Additional arguments passed to
rsample::vfold_cv().
Value
If no dependencies detected or allow_override = TRUE, returns
an rset object from rsample. If dependencies detected and
auto_block = TRUE, returns BORG-generated blocked CV folds.
See also
borg_cv for direct blocked CV generation.
Examples
if (FALSE) { # \dontrun{
library(rsample)
# Safe: no dependencies
data <- data.frame(x = rnorm(100), y = rnorm(100))

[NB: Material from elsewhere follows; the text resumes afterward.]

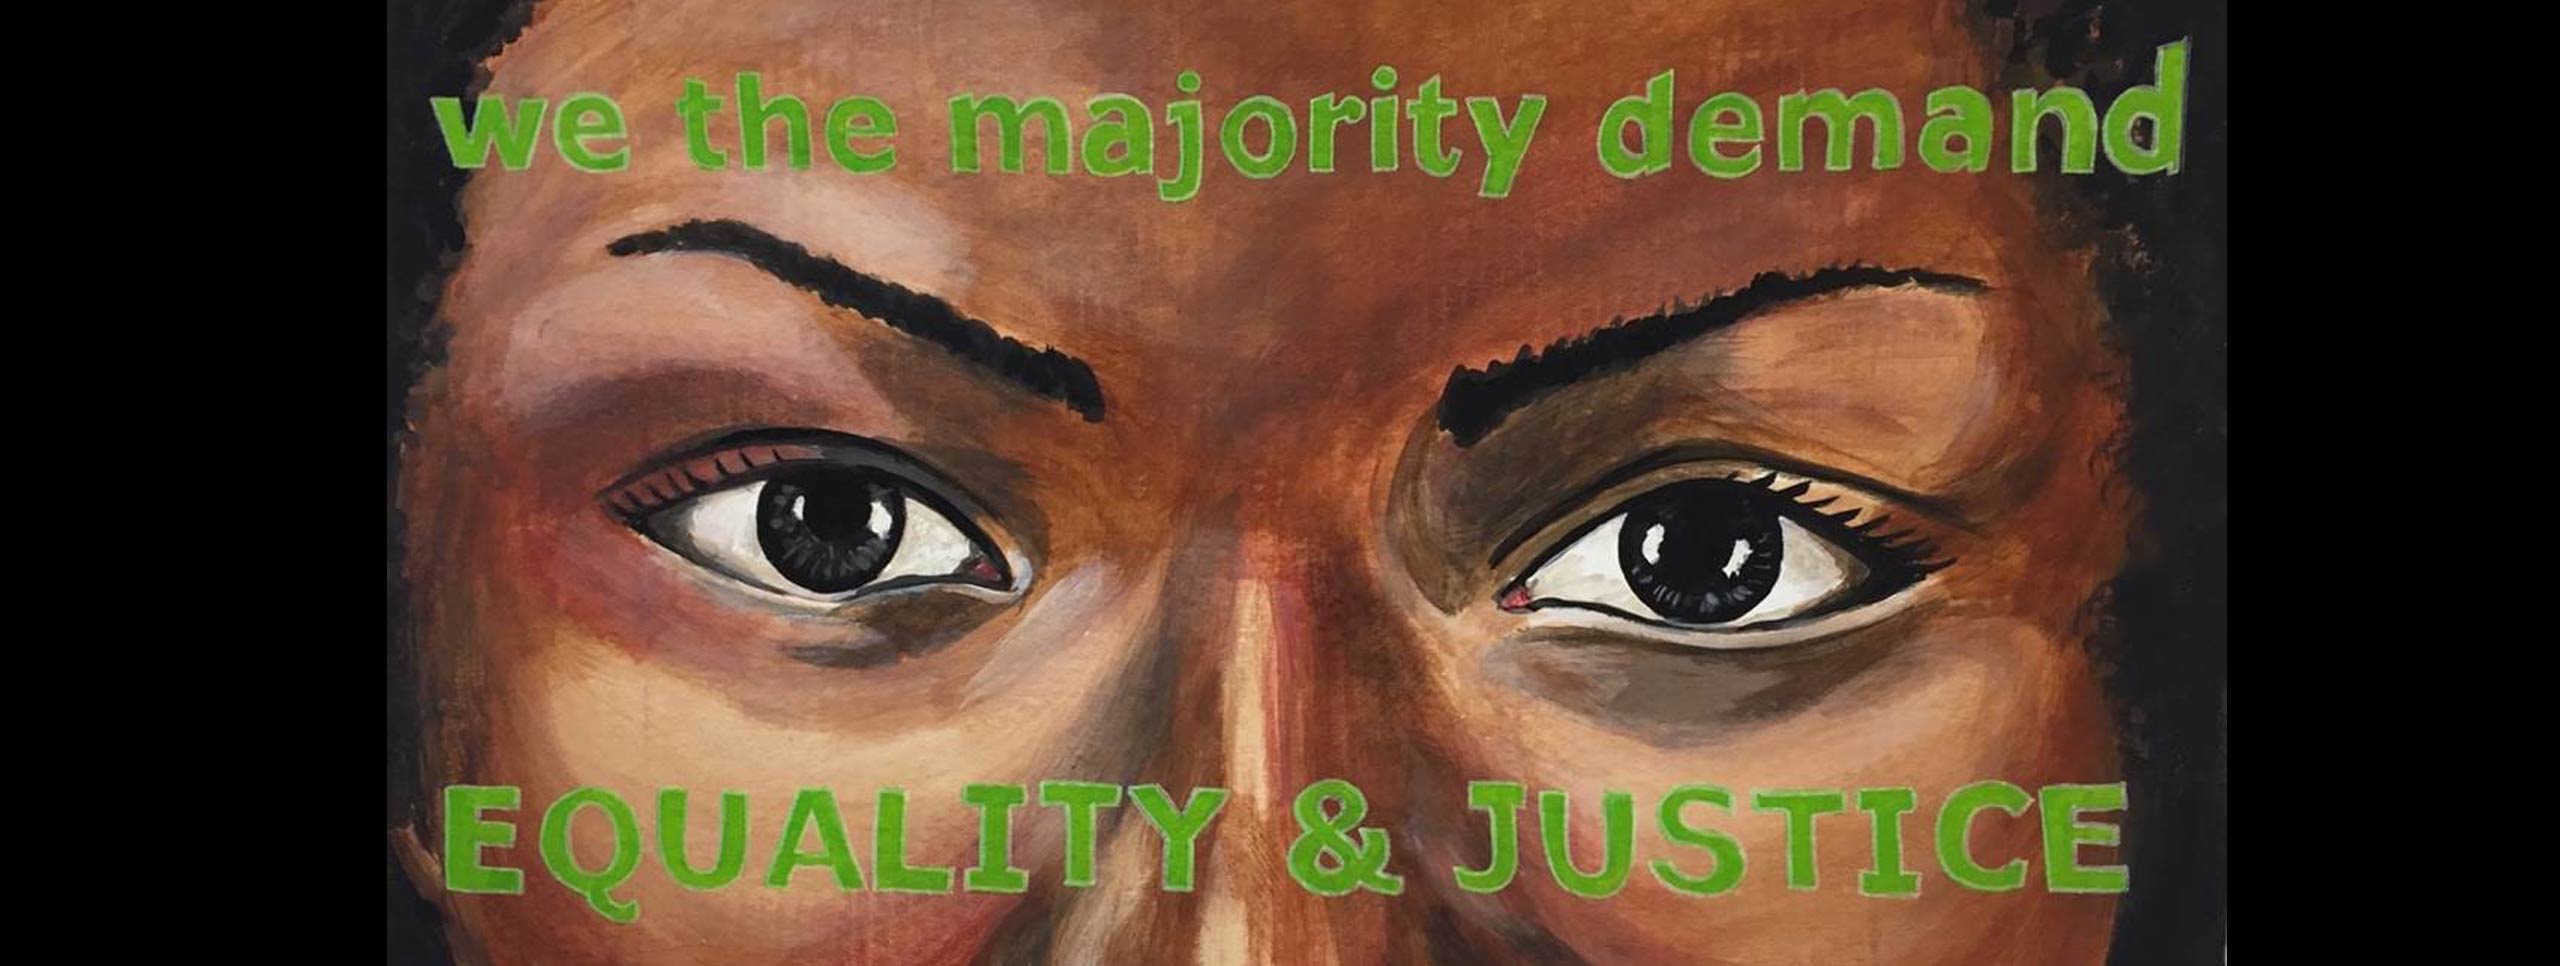 女性の目の絵。 彼女の額と頬に描かれているのは、「私たちが大多数の要求/平等と正義」という言葉です。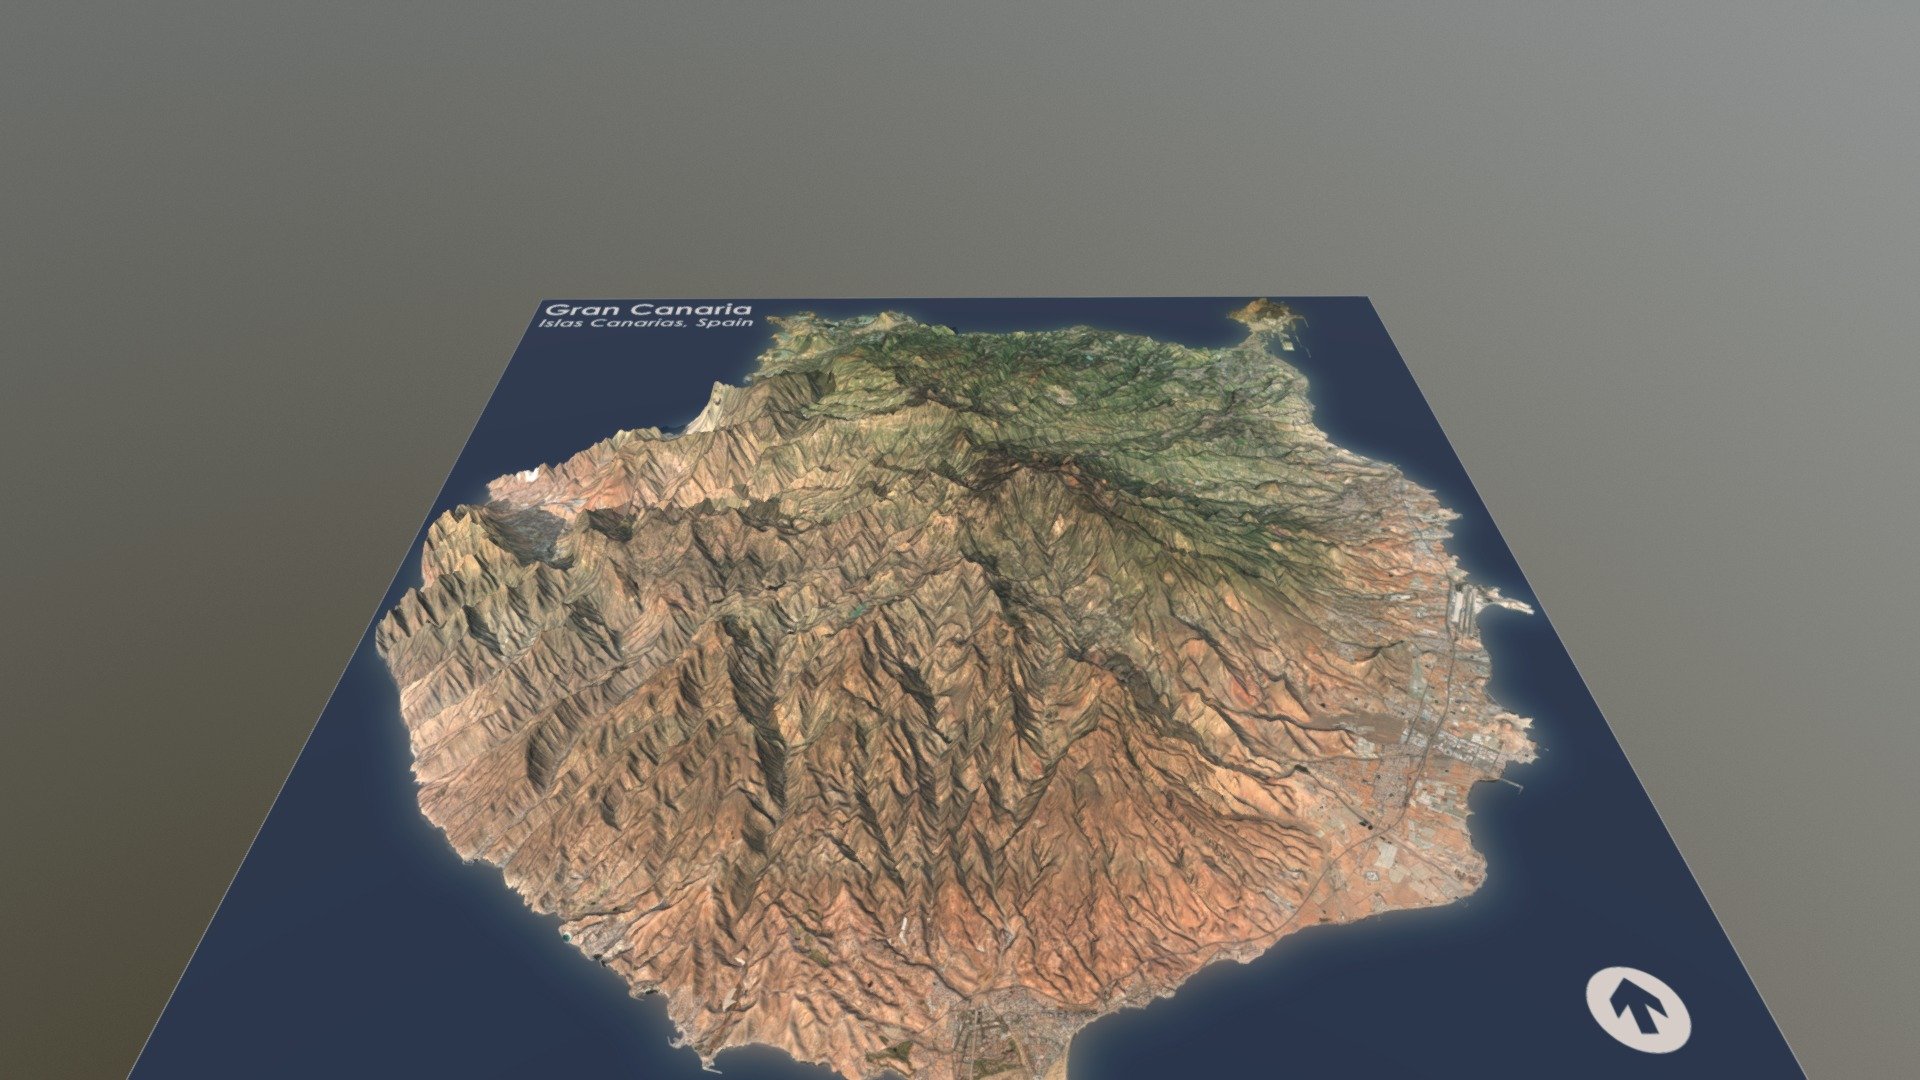 Gran Canaria, Canary Islands (1:200,000 Scale)

folds <- borg_vfold_cv(data, v = 5)
# Blocked: spatial dependencies detected
spatial_data <- data.frame(
lon = runif(100, -10, 10),
lat = runif(100, -10, 10),
response = rnorm(100)
)
# This will error:
# borg_vfold_cv(spatial_data, coords = c("lon", "lat"))
# Use auto_block to automatically switch to spatial CV:
folds <- borg_vfold_cv(spatial_data, coords = c("lon", "lat"),
target = "response", auto_block = TRUE)
} # }